Publication | 广以顾继东教授课题组在《Nature Sustainability》上发表综述论文

2020年9月，广东以色列理工学院顾继东教授课题组在《Nature Sustainability》上发表题为"Microbial deterioration and sustainable conservation of stone monuments and buildings (微生物对石质文物和古建筑的破损机制与可持续性保护措施)"的综述论文（IF:12.08)。广东以色列理工学院为该论文的第一署名单位，论文的第一作者为原香港大学博士研究生刘小波(现为广东以色列理工学院研究人员)，顾继东教授为论文的通讯联系人。论文中同时署名的有日本东京农工大学片山叶子(Yoko Katayama)教授，世界知名德国文物保护微生物专家Thomas Warscheid和美国史密森尼文保中心主任Robert Koestler。

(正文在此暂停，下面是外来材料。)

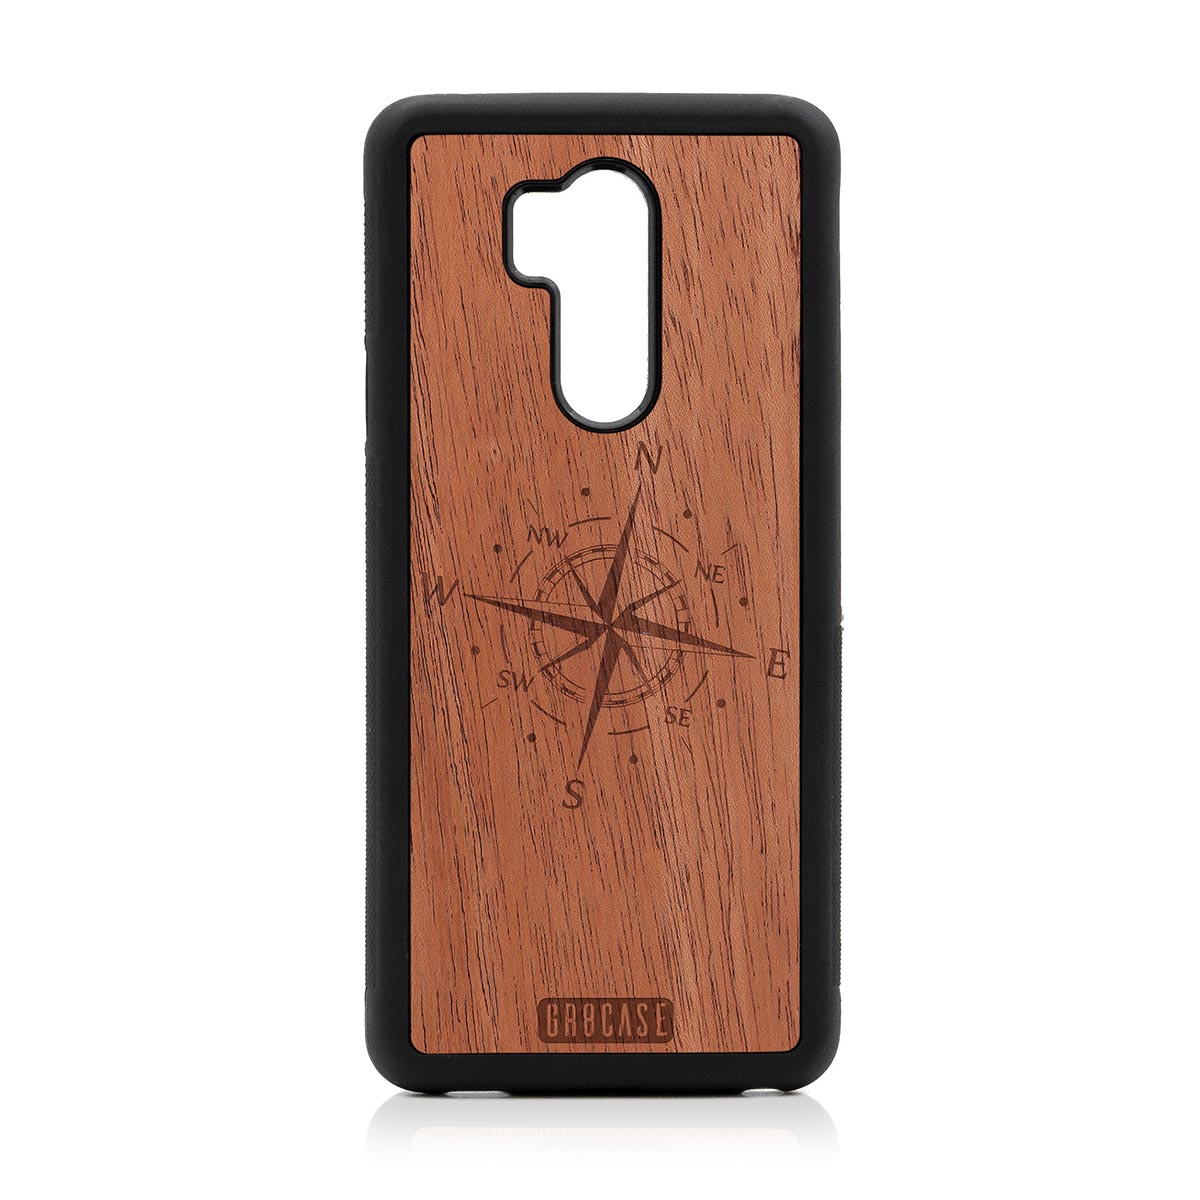 Compass Design Wood Case LG G7 ThinQ by GR8CASE

该论文对过去连续15年中顾继东教授与片山叶子教授长期在吴哥窟合作研究的一系列有关微生物对文物破损的成果和世界各地在石质材料的相关报道进行了系统的梳理，从采样方法和研究模式为基础，阐明了石质文物的生物破损是由一系列复杂的物理、化学和生物化学过程及其相互作用所导致的结果，其中水循环、文物表面的五颜六色的微生物被膜(biofilms)以及其中包含的由微生物主导的生化代谢反应过程驱动得生物化学元素循环(如碳、氮和硫等)反应导致石材的结构破损和组成分解或溶解(图1)，最终造成建筑结构的破坏和文化遗产价值的丧失。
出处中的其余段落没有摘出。